The length of two parallel chords of a circle are $6\ cm$ and $8\ cm$.

The smaller chord is at a distance of $4\ cm$ from the centre.

To do:

We have to find the distance of the other chord from the centre.

Solution:

Let a circle with centre $O$ and two parallel chords $AB$ and $CD$ are $AB = 6\ cm, CD = 8\ cm$

Let $OL \perp AB$ and $OM \perp CD$

Therefore,

$OL = 4\ cm$

Let $OM = x\ cm$ and $r$ be the radius of the circle.
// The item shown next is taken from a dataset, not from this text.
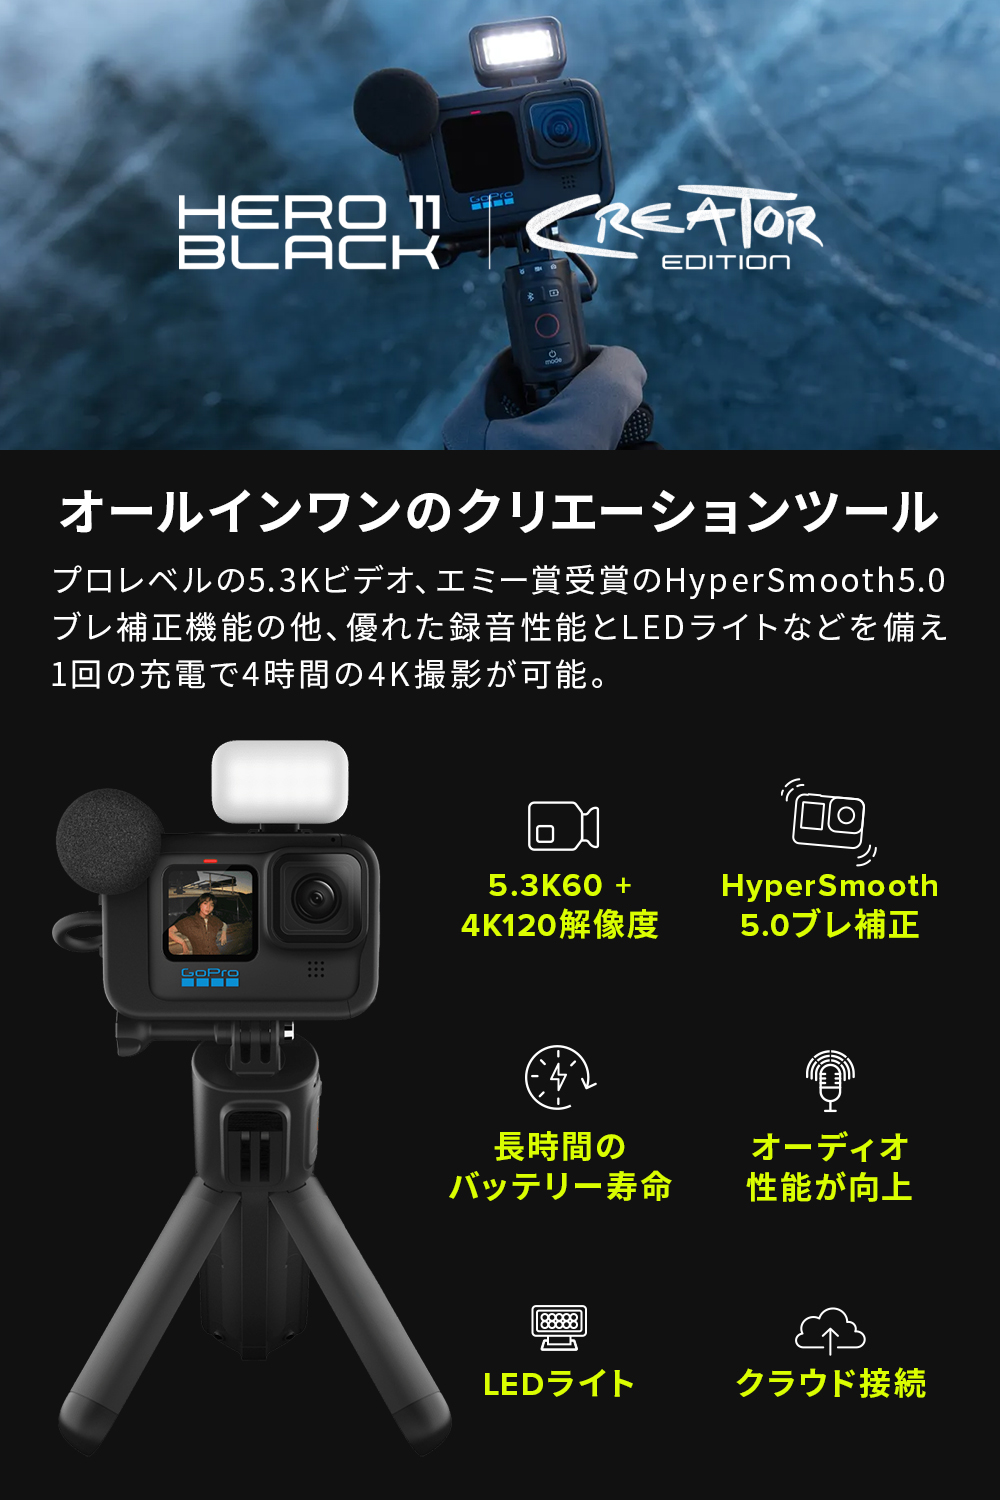 【GoPro公式限定】HERO11 Black クリエーターエディション Volta + メディアモジュラー + ライトモジュラー +  Enduroバッテリー + 認定SDカード Creator Edition クリエイター ボルタ ウェアラブルカメラ アクションカメラ ゴープロ11  gopro11

In right angled triangle $\mathrm{OAL}$,

$\mathrm{OA}^{2}=\mathrm{OL}^{2}+\mathrm{AL}^{2}$

$=4^{2}+(\frac{6}{2})^{2}$

$=16+9$

$=25$.......(i)

In right angled triangle $\Delta \mathrm{OMC}$,

$\mathrm{OC}^{2}=\mathrm{OM}^{2}+\mathrm{CM}^{2}$

$r^{2}=x^{2}+(\frac{8}{2})^{2}$

$=x^{2}+(4)^{2}$

$=x^{2}+16$..........(ii)

From (i) and (ii), we get,

$x^{2}+16=25$

$\Rightarrow x^{2}=25-16=9$

$\Rightarrow x^{2}=(3)^{2}$

$x=3 \mathrm{~cm}$

Distance $=3 \mathrm{~cm}$

The distance of the other chord from the centre is $3\ cm$.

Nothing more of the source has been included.